Alanine transaminase (ALT) also called Serum Glutamic Pyruvic Transaminase (SGPT)
ALT is an enzyme present in hepatocytes (liver cells). When a cell is damaged, it leaks this enzyme into the blood, where it is measured. ALT rises dramatically in acute liver damage, such as viral hepatitis.
Alkaline phosphatase (ALP)
ALP is an enzyme in the cells lining the biliary ducts of the liver. If there is an obstruction in the bile duct, e.g. gallstones, ALP levels in plasma will rise. ALP is also present in bone and placental tissue, so it is higher in growing children (as there bones are being remodelled).
Total Bilirubin (TBIL)
Bilirubin is a breakdown product of heme (a part of haemoglobin in red blood cells). The liver is responsible for clearing this, excreting it out through bile into the instestine. Problems with the liver or blockage of the drainage of bile will cause increased levels of bilirubin, as will increased haemolysis of red cells.
Direct bilirubin, or unconjugated bilirubin is also measured, this is the stage before the liver conjugates bilirubin to excrete it. It is dangerous in babies, as it can pass the blood-brain barrier.

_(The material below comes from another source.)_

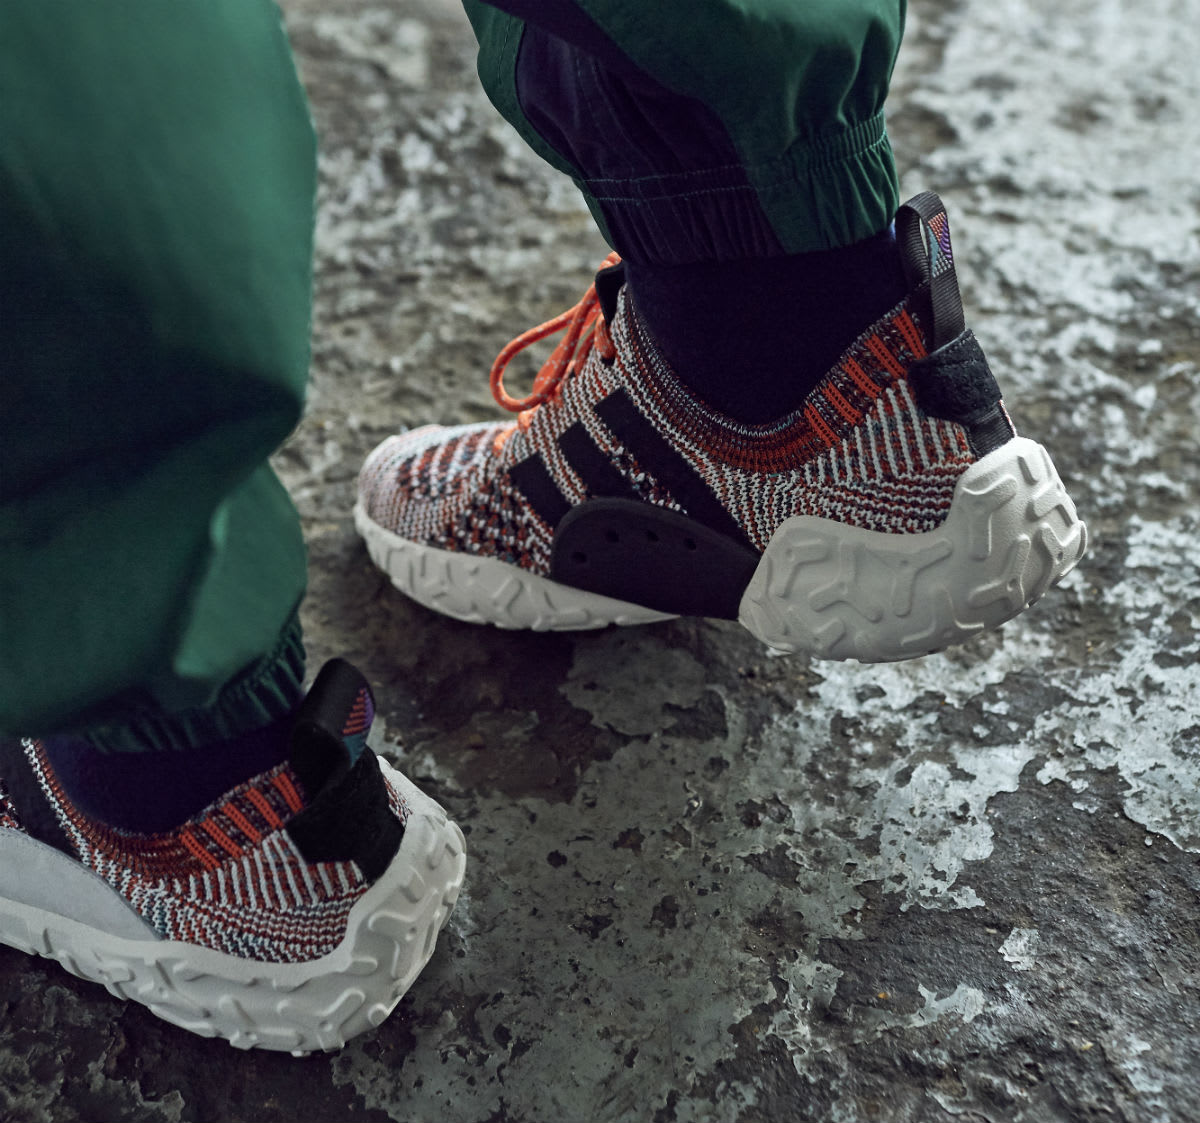 æggelederne bevæge sig ulækkert Adidas Created Bespoke Merino Wool Primeknit For Its Newest Sneaker |  Complex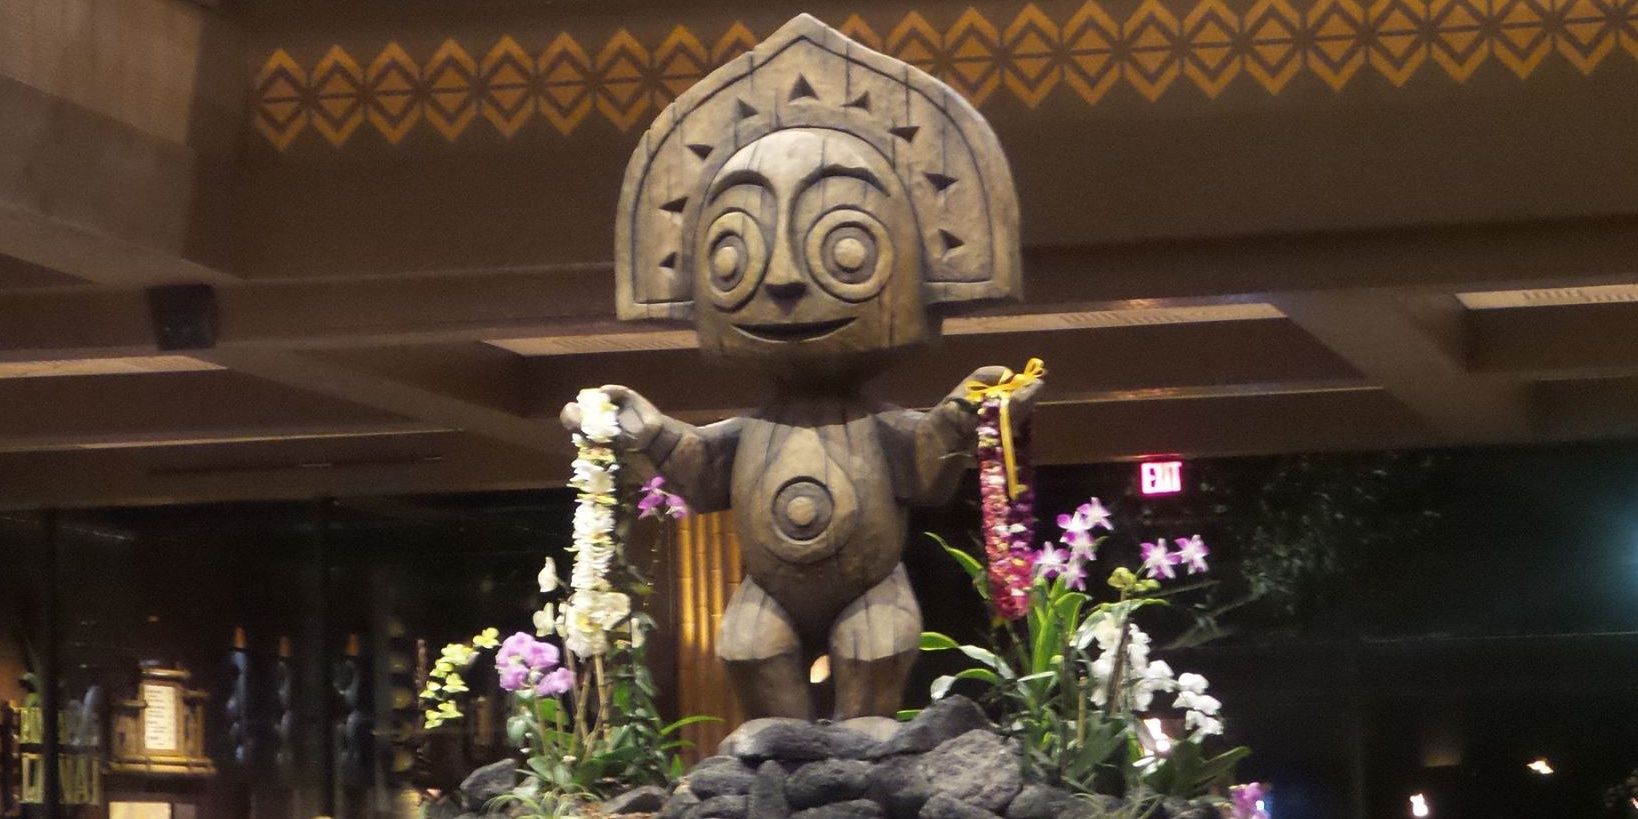 Maui the Tikiman in Disney's Polynesian Resort

Other tests commonly requested alongside LFTs:
Aspartate transaminase (AST) also called Serum Glutamic Oxaloacetic Transaminase (SGOT)
AST is similar to ALT in that it is another enzyme associated with liver parenchymal cells. It is raised in acute liver damage. It is also present in red cells and cardiac muscle.
Gamma glutamyl transpeptidase (GGT)
Although, reasonably specific to the liver, GGT doesn't really say that much about the nature of the liver damage. GGT is raised in alcohol toxicity (acute and chronic).
Coagulation tests (e.g. INR)
The liver is responsible for the production of coagulation factors. The INR measures the speed of a particular pathway of coagulation, comparing it to normal. If the INR is increased, it means it is taking longer than usual for blood to clot. The INR will only be increased if the liver is so damaged that synthesis of vitamin K-dependent coagulation factors has been impaired: it is not a sensitive measure of liver function.
It is very important to normalize the INR before operating on people with liver problems, (usually by transfusion with blood plasma containing the deficient factors), as they could bleed excessively.